- _Dataset extract_

<<<<

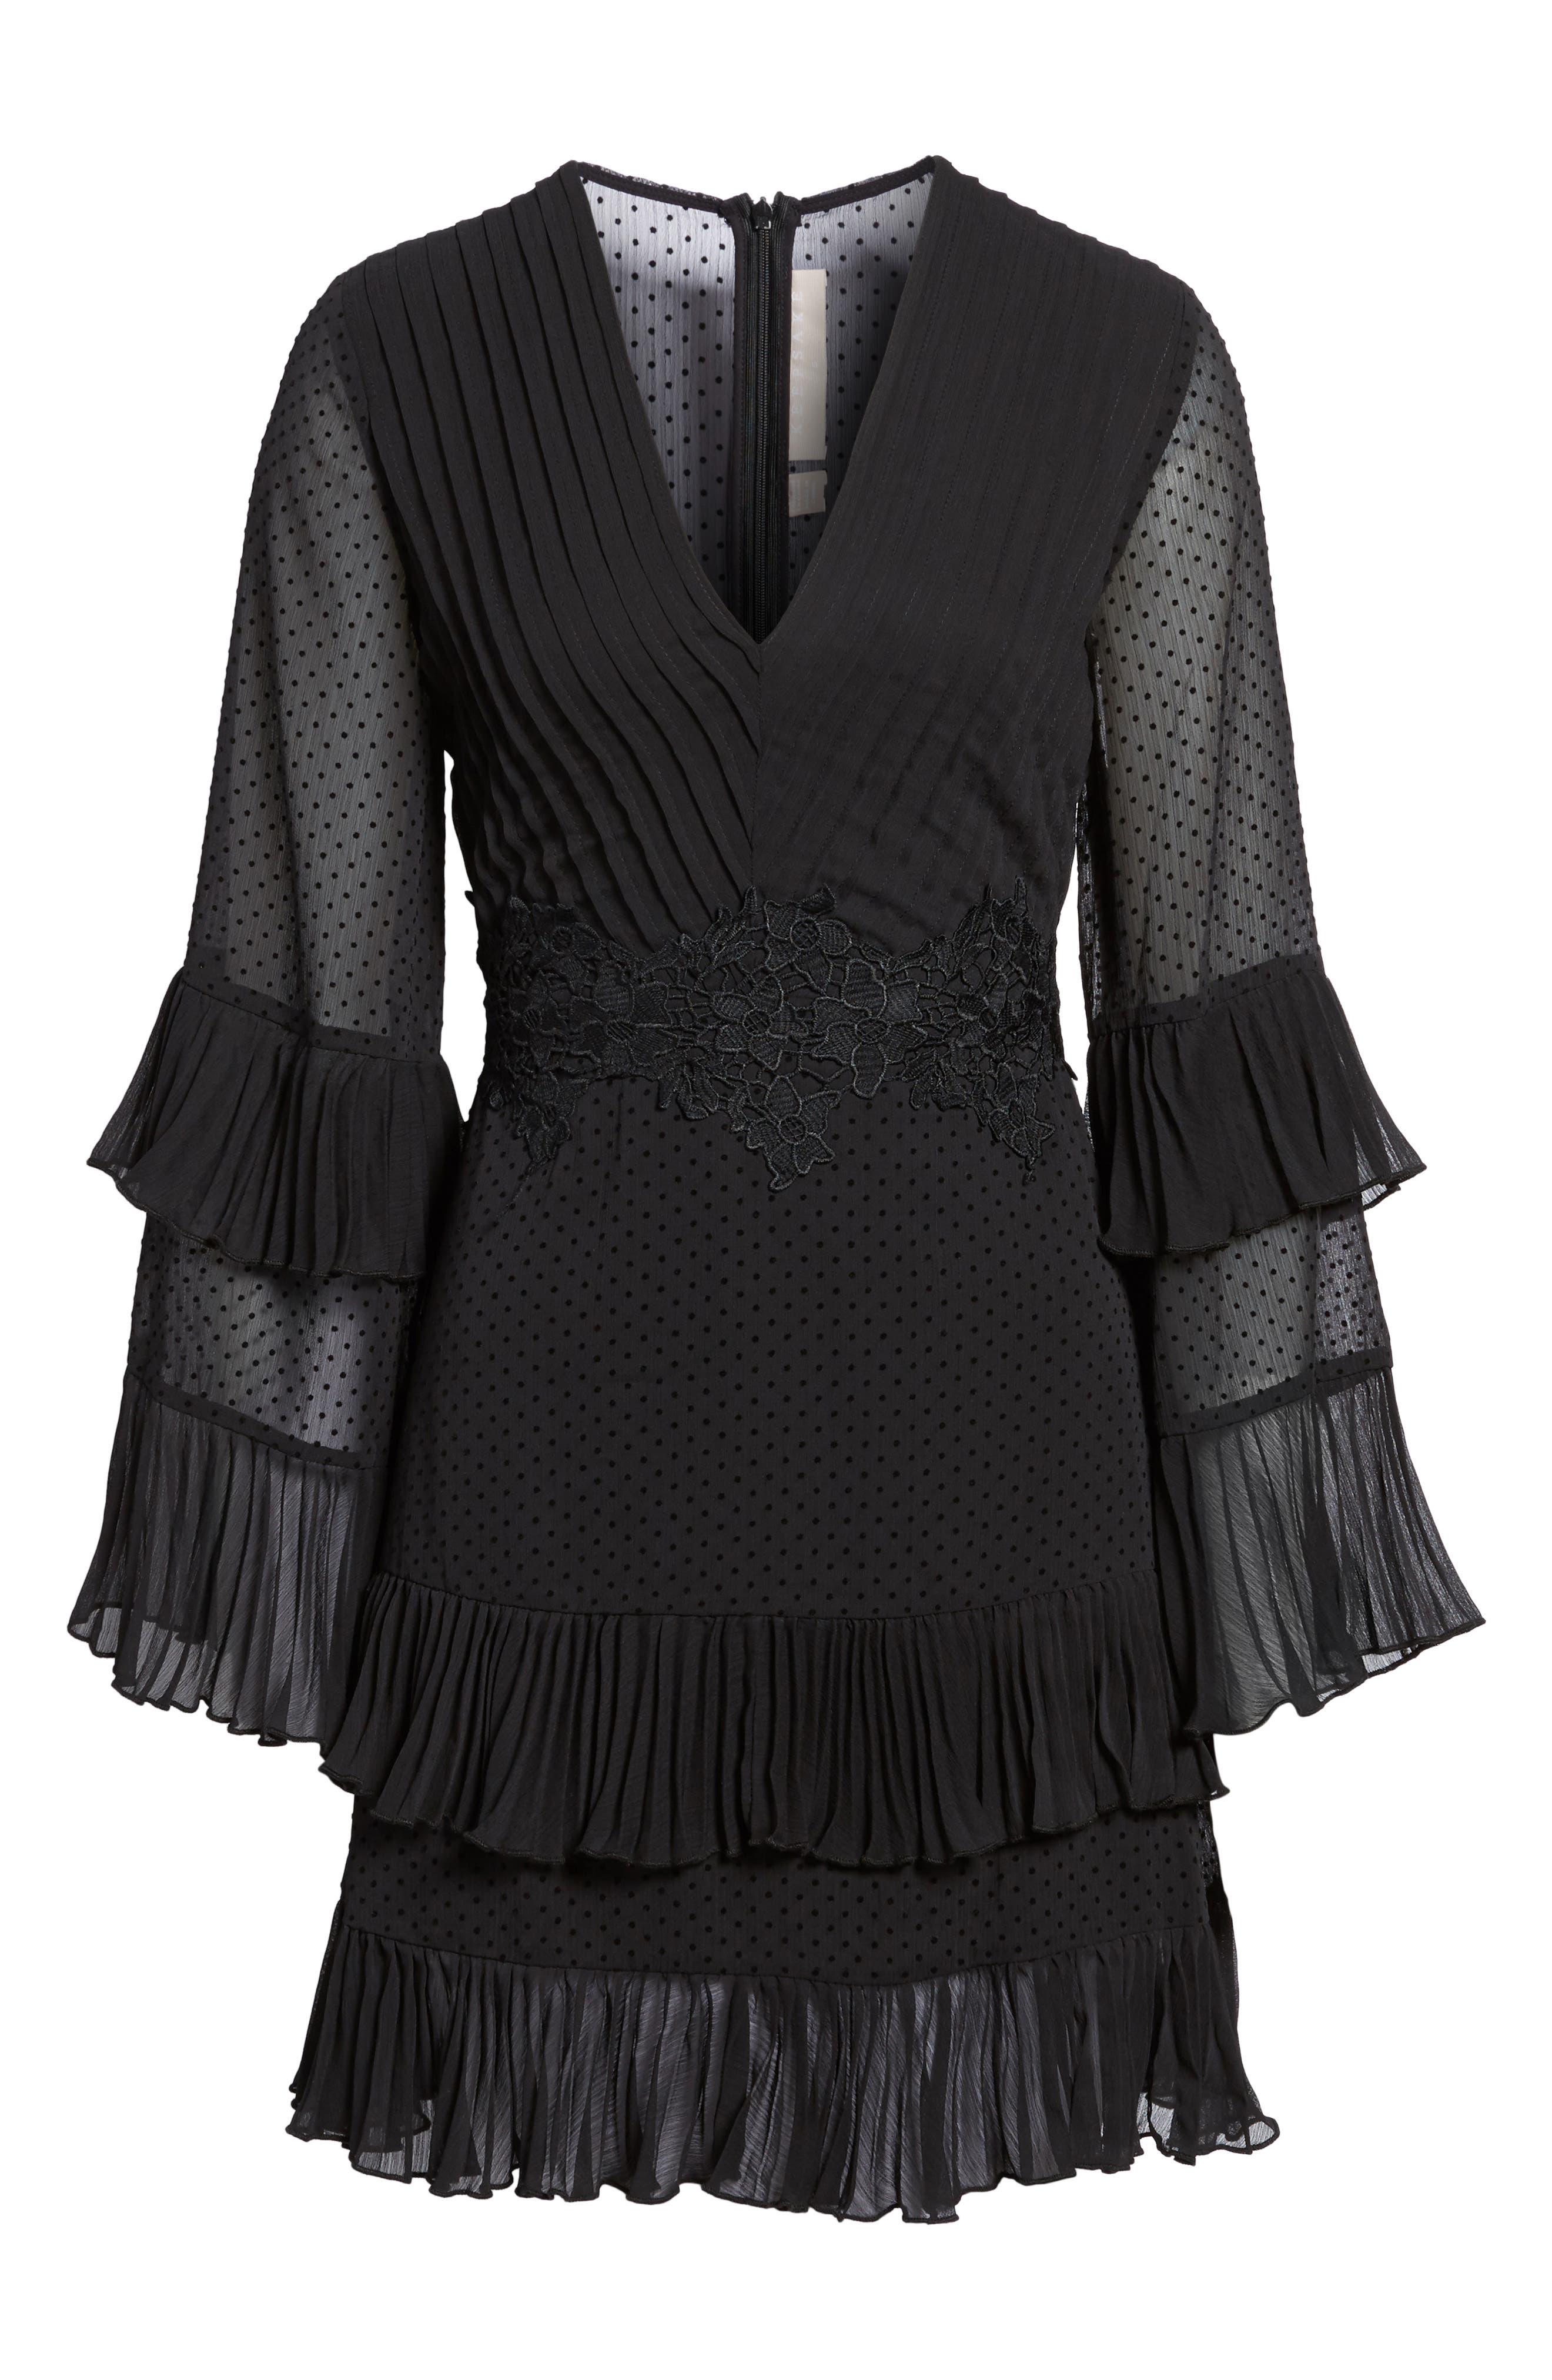 Horizons Bell Sleeve Minidress,                             Alternate thumbnail 7, color,                             Black
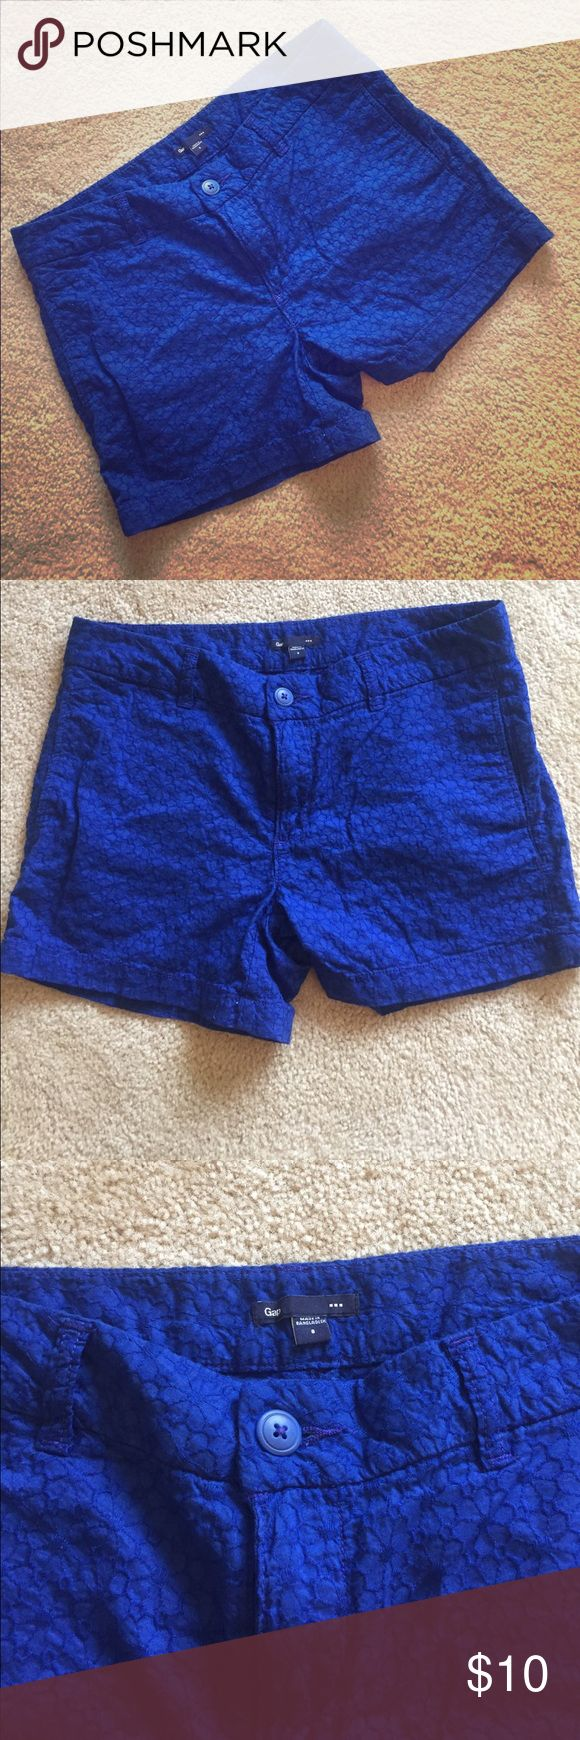 Gap blue floral shorts Bright cobalt blue, floral lace pattern. Gap factory. GAP Shorts
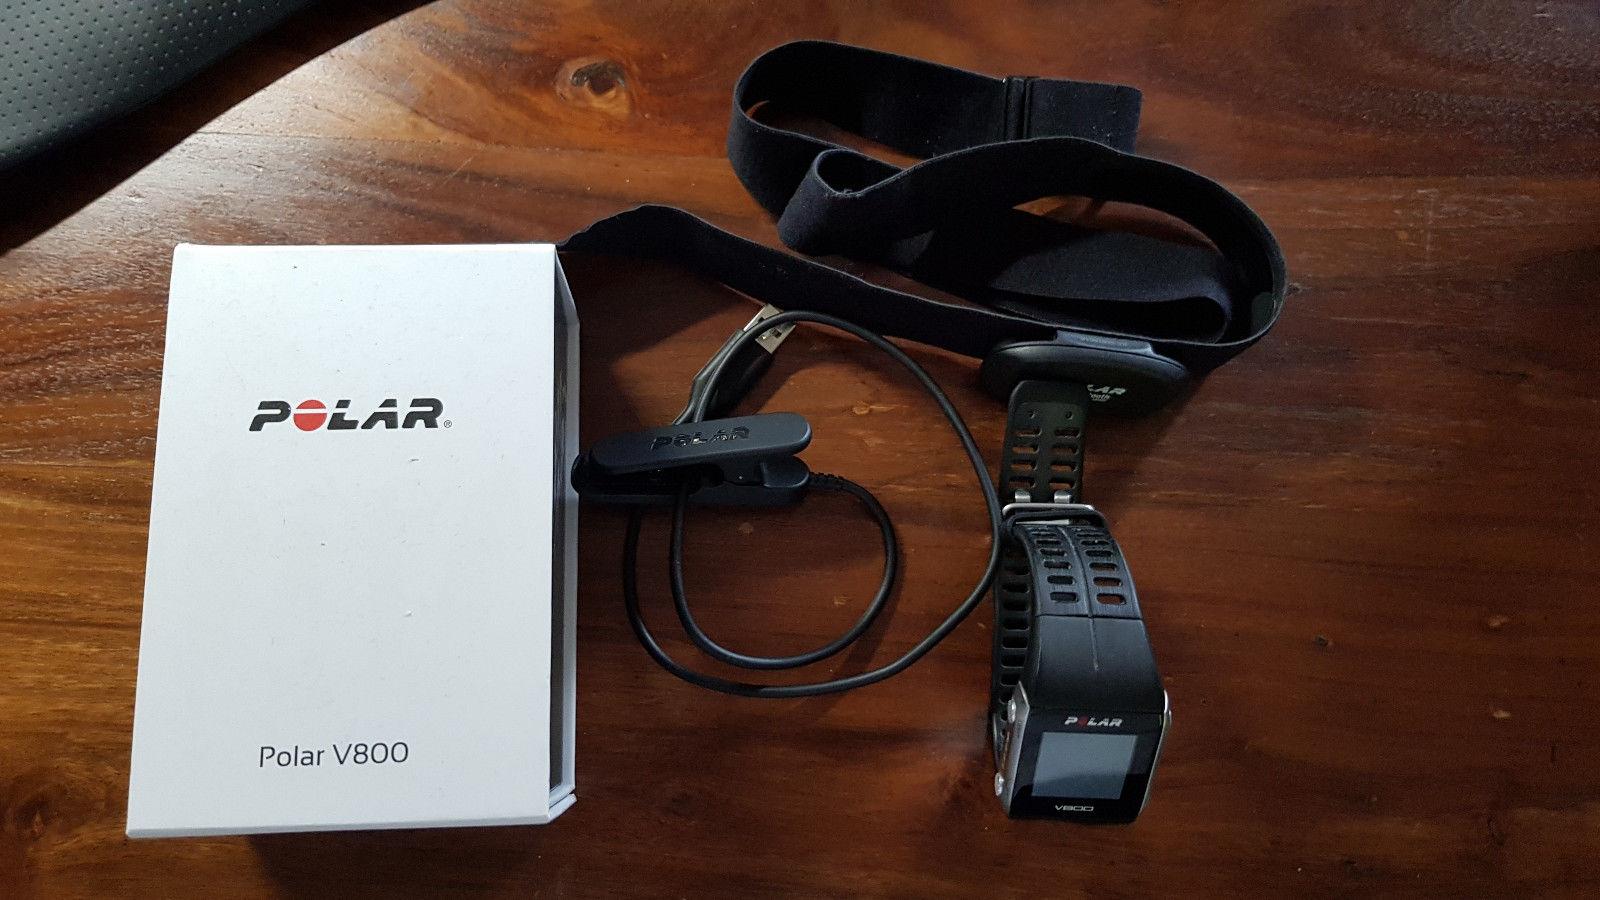 Polar V800 Fitness Uhr GPS-Tracking neues Modell mit Brustgurt sehr guter Zustan
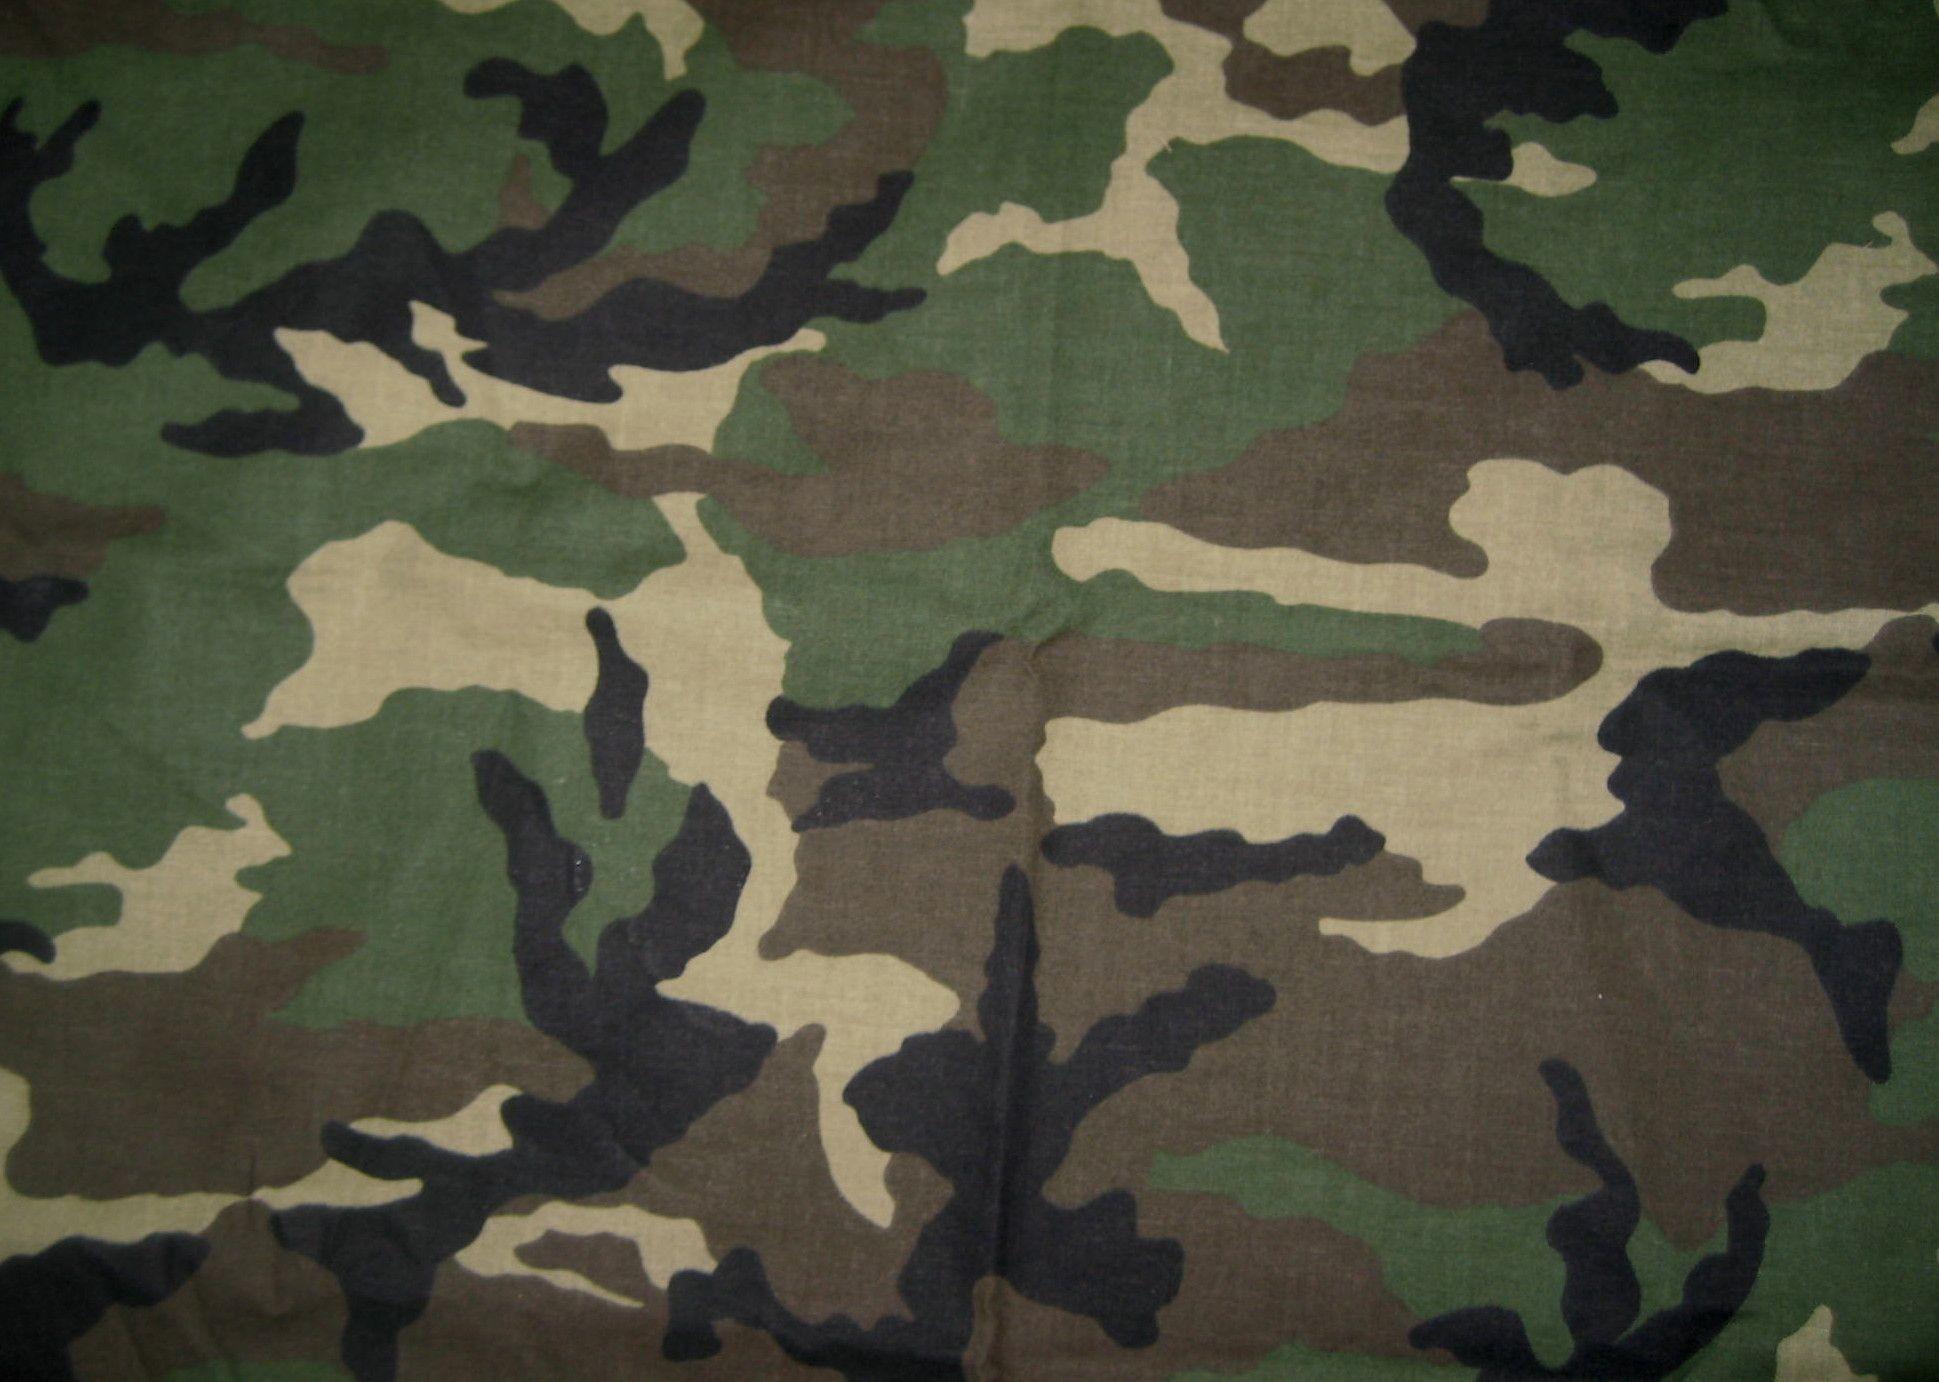 Military Camo Wallpaper Woodland camo wallpapers wallpaper cave #6422

>>>>

- _Problem_
Set down all the lines above exactly as they appear, with no pictures.

- _Completed exercise_
 Horizons Bell Sleeve Minidress,                             Alternate thumbnail 7, color,                             Black
 Gap blue floral shorts Bright cobalt blue, floral lace pattern. Gap factory. GAP Shorts
 Polar V800 Fitness Uhr GPS-Tracking neues Modell mit Brustgurt sehr guter Zustan
 Military Camo Wallpaper Woodland camo wallpapers wallpaper cave #6422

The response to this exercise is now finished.